Всю жизнь Кузьминична старалась побольше заработать. И муж был ей под стать: хозяйственный, расчётливый, рублик к рублику складывал, зазря денежку не тратил. За самые тяжёлые работы брался, лишь бы платили побольше. Как под конец восьмидесятых кооперативы разрешили, весь район, да и все соседние, исколесил с бригадой шабашников — школы, сады, фермы строили и ремонтировали.

Дом у них с Кузьминичной был добротный, богатый. Все удобства обустроили — ни у кого больше в деревне в те времена такого дома не было!.. Машину купили, потом вторую. Трактор свой приобрели. Для сыновей старались…

Потом муж помер. В одночасье на тот свет ушёл — сердце отказало, даже до пенсии не дожил. Старший сын тогда уже сам семейным был, неподалёку дом отстроил. Весь в отца пошёл Николай. Серьёзный, работящий. И жену выбрал по себе — единственная дочка главной бухгалтерши колхоза. Ох, хорошо умеет девка деньги считать! Жалко только, Бог деток им не даёт…Уж и лечиться ездила сноха, а толку мало. Кому нажитое богатство оставят?
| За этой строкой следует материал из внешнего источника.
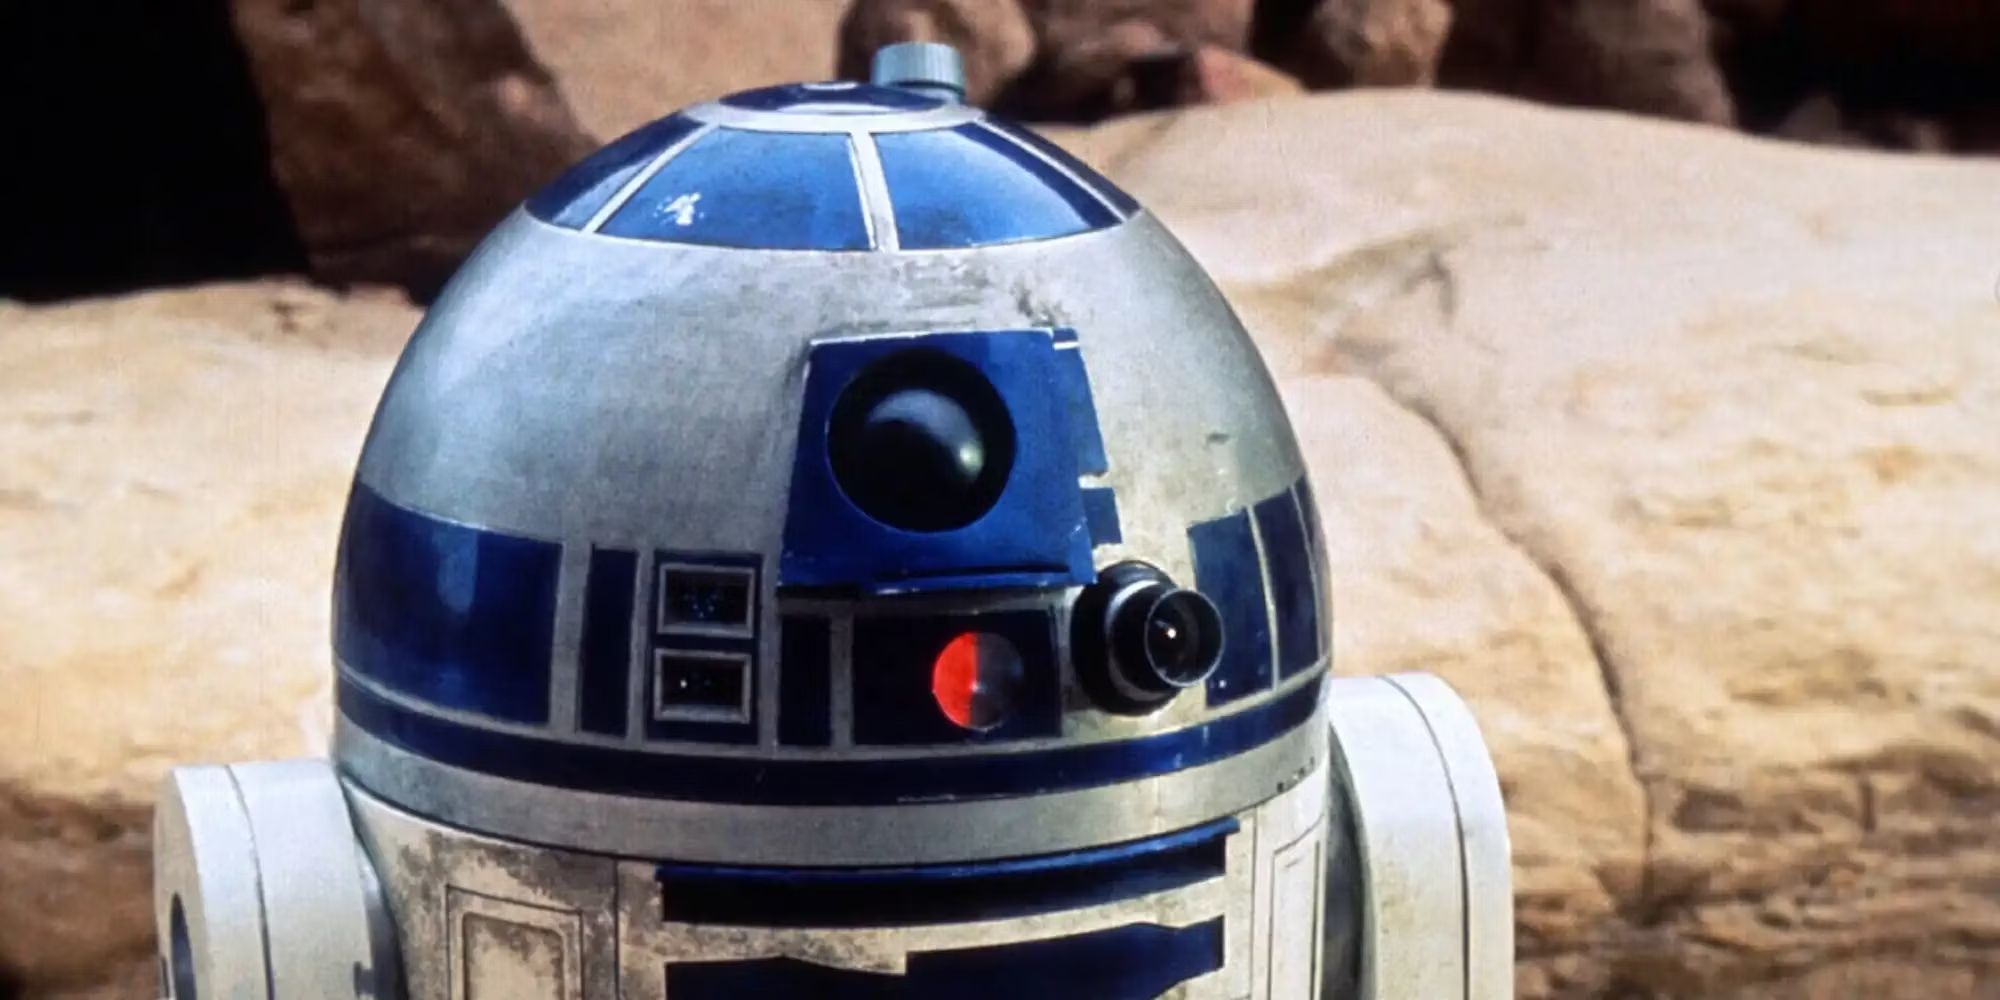 R2-D2 stands in the desert of Tatooine in Star Wars: A New Hope

А вот младшенький, Михаил, ей Богу, как другого роду-племени… И в детстве был странным: то на травину какую уставится и смотрит, смотрит, то придумает птенца выхаживать, которого кошка потрепала…

Когда отец-то помер, в армии Мишка служил. А ведь как предлагали ему: давай, сынок, справку какую тебе сделаем, время неспокойное, горячие точки кругом. Не ровен час, загребут на войну. А вот упёрся: пойду и всё служить. Ох, характер тот ещё, упрямства много. Да ужо бы дело, на пользу это упрямство шло, а то ведь впустую всё…

Пришёл из армии, и ни с того ни с сего вдруг в церковь ходить начал. Восстанавливалась тогда церковь-то, рабочие руки нужны были. Николай тоже было сходил, да батюшка ему сказал, что, мол, нечем рабочим платить. А кто ж за дарма горбатиться станет? Только такие вот малахольные, как Мишка. Тот в колхоз устроился механиком, а после работы — бегом на край деревни, где ещё в запустении стояла церквушка. И в выходные там же пропадал. На рынок надо бы ехать, мясо-молоко продавать, а он одно твердит: храм возрождать пора пришла. Эх…

И невесту нашёл себе такую же. Прости, Господи, голь перекатная, в приживалках жила у тетки своей — ни приданого, ни хватки житейской. В церкви и познакомились. Как объявил он, что жениться собирается, так Кузьминичну чуть удар и не хватил. Думала поначалу-то, что пройдет эта дурь у сына: ну, с кем не бывает — помилуются, погуляют, да и дружба врозь.

А он ни в какую: женюсь и всё тут, никакой другой невесты не надобно. Ну, мать, знамо дело, благословение своё родительское дать отказалась. А Мишка-то и не испугался — взял и ушёл из дому. Расписались молодые, батюшка обвенчал их — было это первое венчание в возрождённом храме. От колхоза дали квартиру, а в квартире-то — пустота.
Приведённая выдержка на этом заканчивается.